► Сегодня был здесь солист его величества Н.Н. Фигнер; мы встретились в театре. Он заведует складом имени Александры Федоровны и полтора года переезжает с фронта на фронт. Торгует солью из своего имения, купил угольное дело и взял подряд на 2 миллиона рублей для московской фабрики, которую завел с братом. Очень хвалит Брусилова; оказывается, тот очень отрицательно относился к галицийскому наступлению в декабре прошлого года. Фигнер хотел представиться царю, но, ввиду его приезда только завтра, в 4 ч дня, не успеет – торопится попасть в Москву: он хлопочет об оказании поддержки обществу Ткварчельских каменноугольных копей.
► В театре во время спектакля дважды была тревога по поводу якобы замеченного над Могилевом неприятельского аэроплана. Это возможно: завтрашний съезд может их привлекать.
► Оказывается, здесь есть одно учреждение, о существовании которого говорят очень редко и неохотно, с тенью какой-то боязни.

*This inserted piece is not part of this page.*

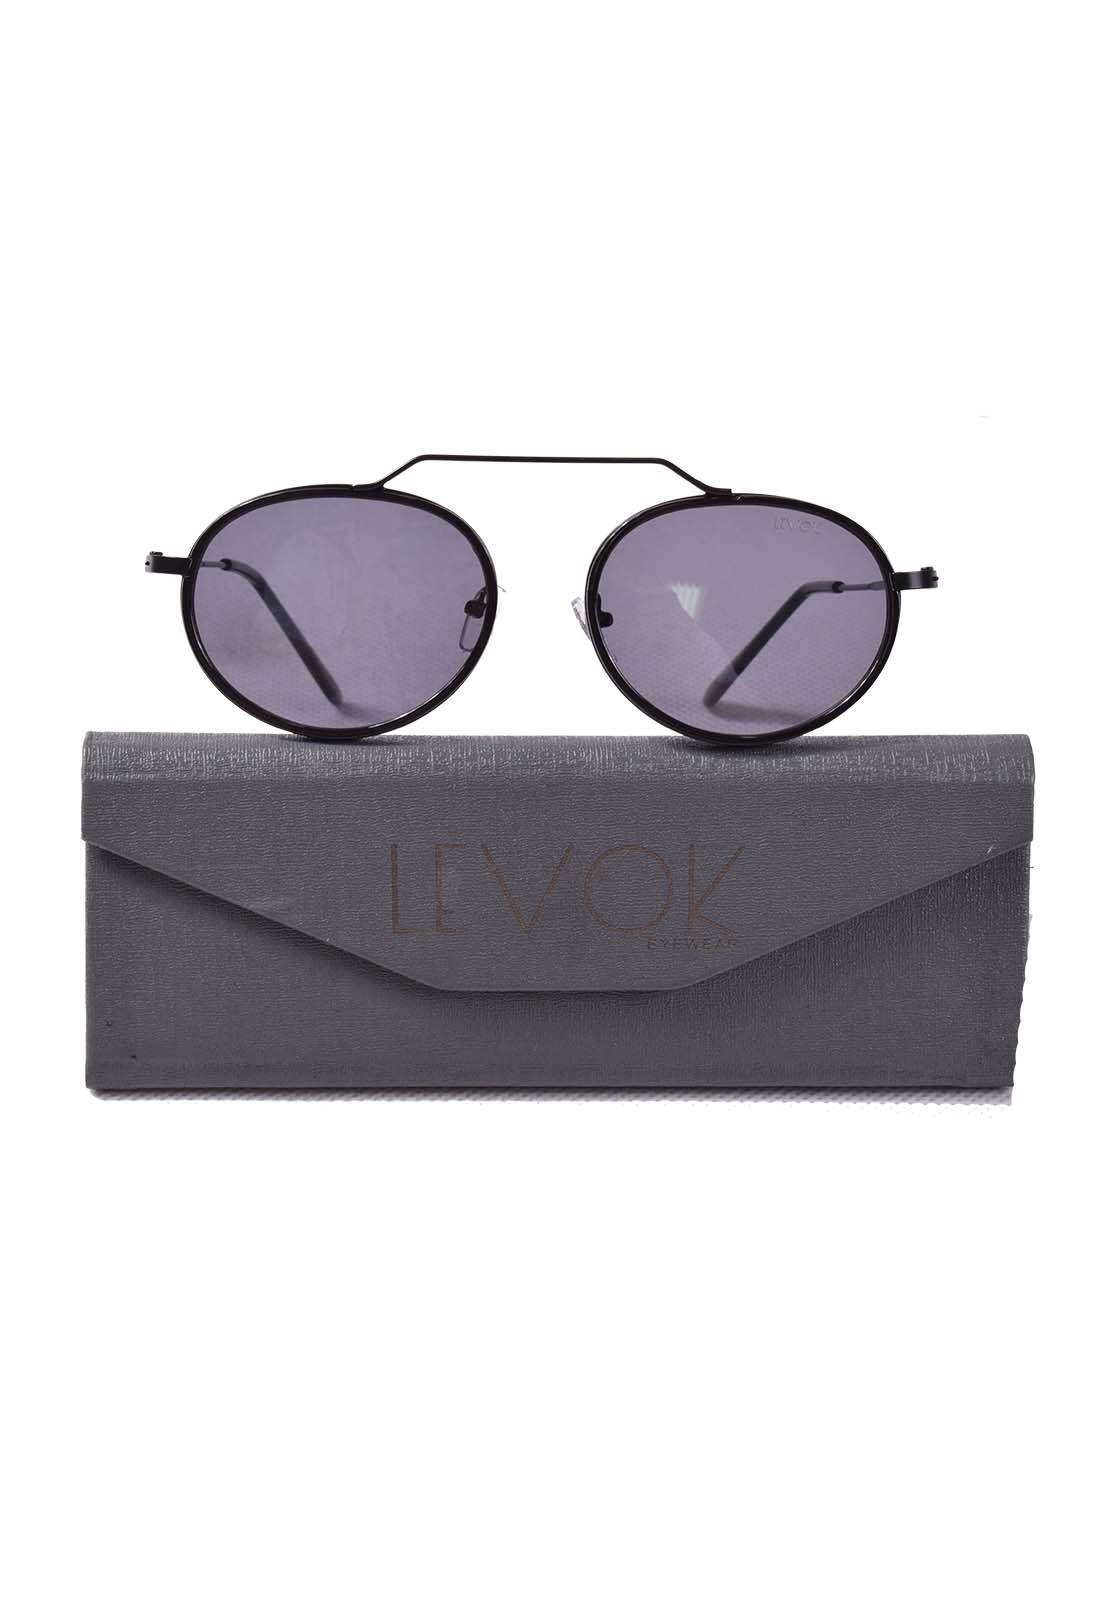 25003 - Oculos de Sol com armação preta fina

Это – «военно-регистрационное бюро», состоящее при управлении коменданта главной квартиры. В других больших штабных пунктах бюро состоят при штабах фронтов и армий, а в мирное время – при штабах военных округов и корпусов. Дело чисто жандармское, но для лучшего уловления своих жертв господа «военные регистраторы» предпочитают снимать жандармскую форму и надевают штабную – в этом виде они, конечно, не так бросаются в глаза во время исполнения своих обязанностей. А профессия – уловление в армии всего того, что имеет дерзость думать и критически относиться к самодержавному строю и прочему. Начальник нашего бюро – полковник Евдахов, окончивший два курса Академии Генерального штаба и решивший променять стратегию на еще более питательный сыск. Его сотрудники все, как на подбор, очень держимордисты и вряд ли в состоянии выискивать крамолу – при их появлении все поневоле замолкают, как при Малюте Скуратове. Офицеры штаба относятся к ним очень недоверчиво и с большой осторожностью.

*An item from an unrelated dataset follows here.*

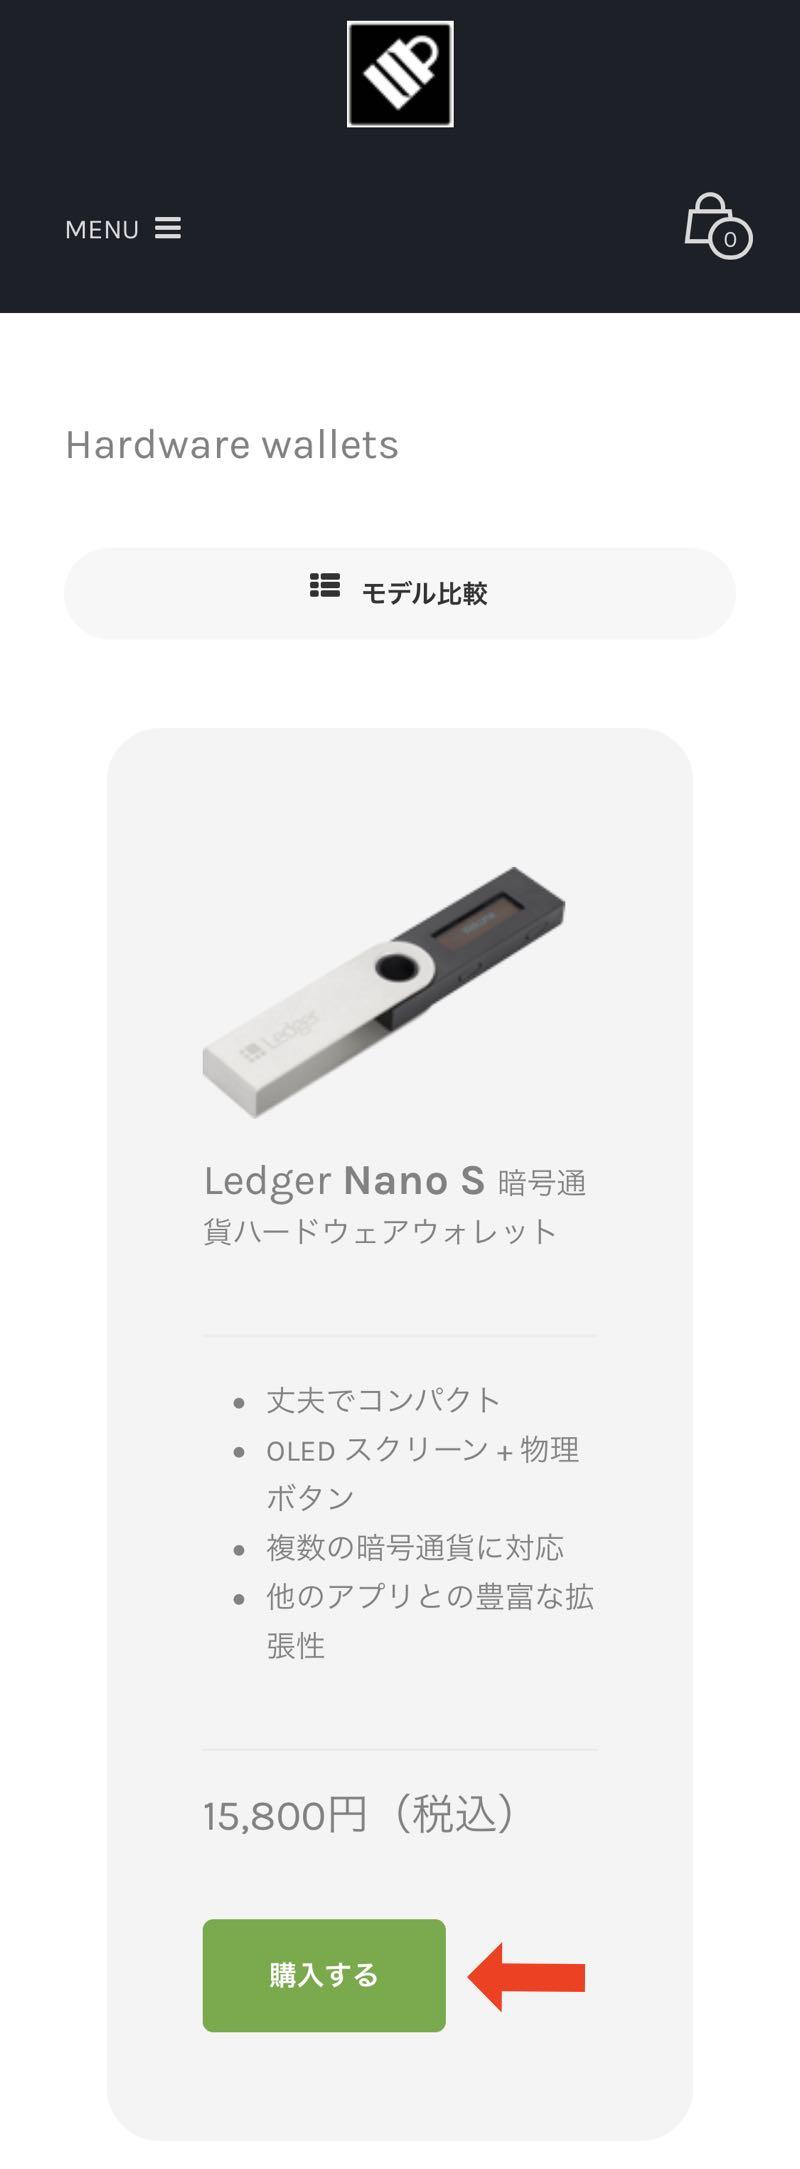 Ledger nano S(レジャーナノS)を日本代理店で購入

► Сазонов сообщил, что Извольский дал знать из Парижа о начавшемся общем наступлении немцев на французском фронте.
► К вечеру приехал Плеве.
► Сегодня Беляев телеграфировал начальнику штаба: «В Петрограде запрещено военной цензурой опубликование речи депутата Чхеидзе, произнесенной в Государственной думе 10 февраля. Сообщаю на случай, если ваше высочество признаете нужным отдать соответствующие распоряжения цензурным установлениям театра войны, в особенности в отношении перепечатки стенографических оттисков речи, которые, вероятно, будут разосланы».
11-е, четверг
Сегодня, как раз в день исторического совещания, я дежурю по аппаратной.
► С 9 ч утра начальник штаба поехал с Пустовойтенко на вокзал в вагоны Плеве, Иванова и Эверта, чтобы нанести им визиты. У первого они были четверть часа, у второго – больше часа, у Эверта – около часа. Вернувшись, Алексеев принимал их ответные визиты.
Иванов приехал к начальнику штаба с генералом Владиславом Николаевичем Клембовским и адъютантом подполковником Кринским. Благообразный, осанистый старик уже со всеми признаками старческой повадки. При нем казак необычного вида, в форме скорее пехотинца с папахой черкеса, шашкой и револьвером. Граф Капнист говорит, что Иванов был очень сух с Алексеевым, – совсем не то, что было раньше на фронте.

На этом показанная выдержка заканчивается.